Every internet-facing Linux server starts life more exposed than it needs to be. Default SSH configs, unnecessary open ports, unpatched packages, and permissive firewall rules hand attackers a wide surface to probe — and automated scanners find that surface within minutes of a host going live. Learning how to harden Linux server security isn't a one-time checklist you run before launch and forget; it's a repeatable process that closes the gap between "it works" and "it's defensible in an audit." This guide walks through a practical linux server hardening checklist you can apply to any Debian, Ubuntu, or RHEL-family host, from locking down SSH to aligning your configuration with the CIS benchmark for Linux. By the end, you'll have a server with a minimal attack surface, verified logging, and controls you can point to when a customer or auditor asks how you secure production infrastructure.

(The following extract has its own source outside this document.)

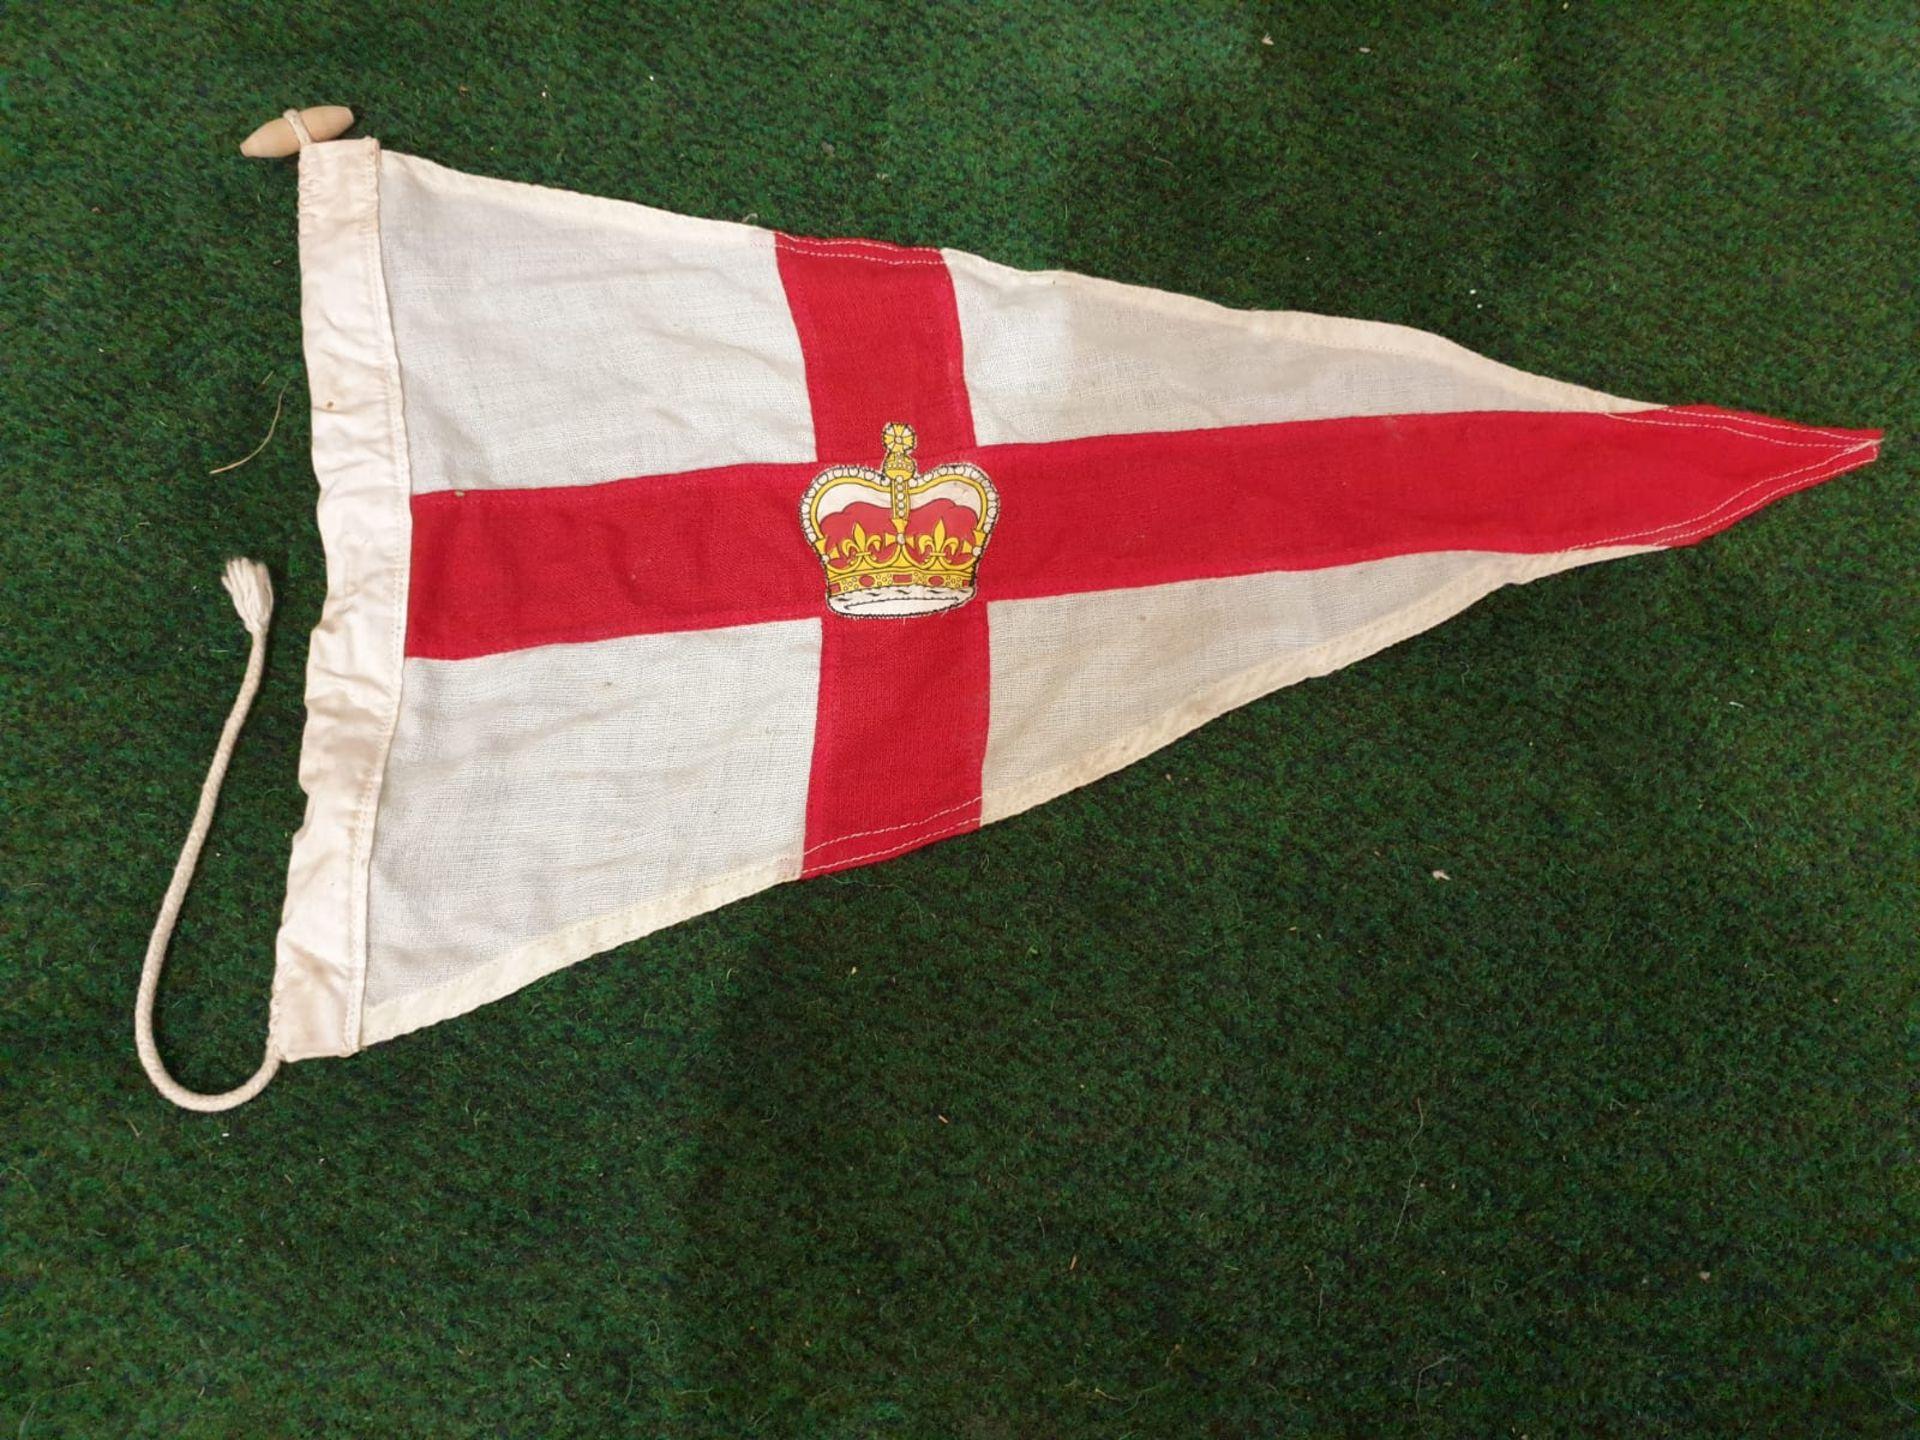 Vintage St Georges pennon flag - Image 2 of 2

Step 1: Establish a Hardened Linux Server Security Baseline

Hardening starts before you touch a single config file — it starts with what's installed. Every extra package, service, or compiler on a production box is a future CVE waiting to be scanned for.

# Update and patch first, always
sudo apt update && sudo apt upgrade -y        # Debian/Ubuntu
sudo dnf update -y                            # RHEL/CentOS/Alma/Rocky

# Enable unattended security updates
sudo apt install unattended-upgrades -y
sudo dpkg-reconfigure --priority=low unattended-upgrades

# Remove packages you don't need
sudo apt purge telnet rsh-client xinetd -y
sudo apt autoremove -y

Pin this to a schedule with cron, systemd timers, or your patch management tool — stale patches are consistently one of the top root causes in post-incident reviews. Also disable any bundled demo services, sample web apps, or default accounts that ship with your base image; they're rarely audited and often forgotten.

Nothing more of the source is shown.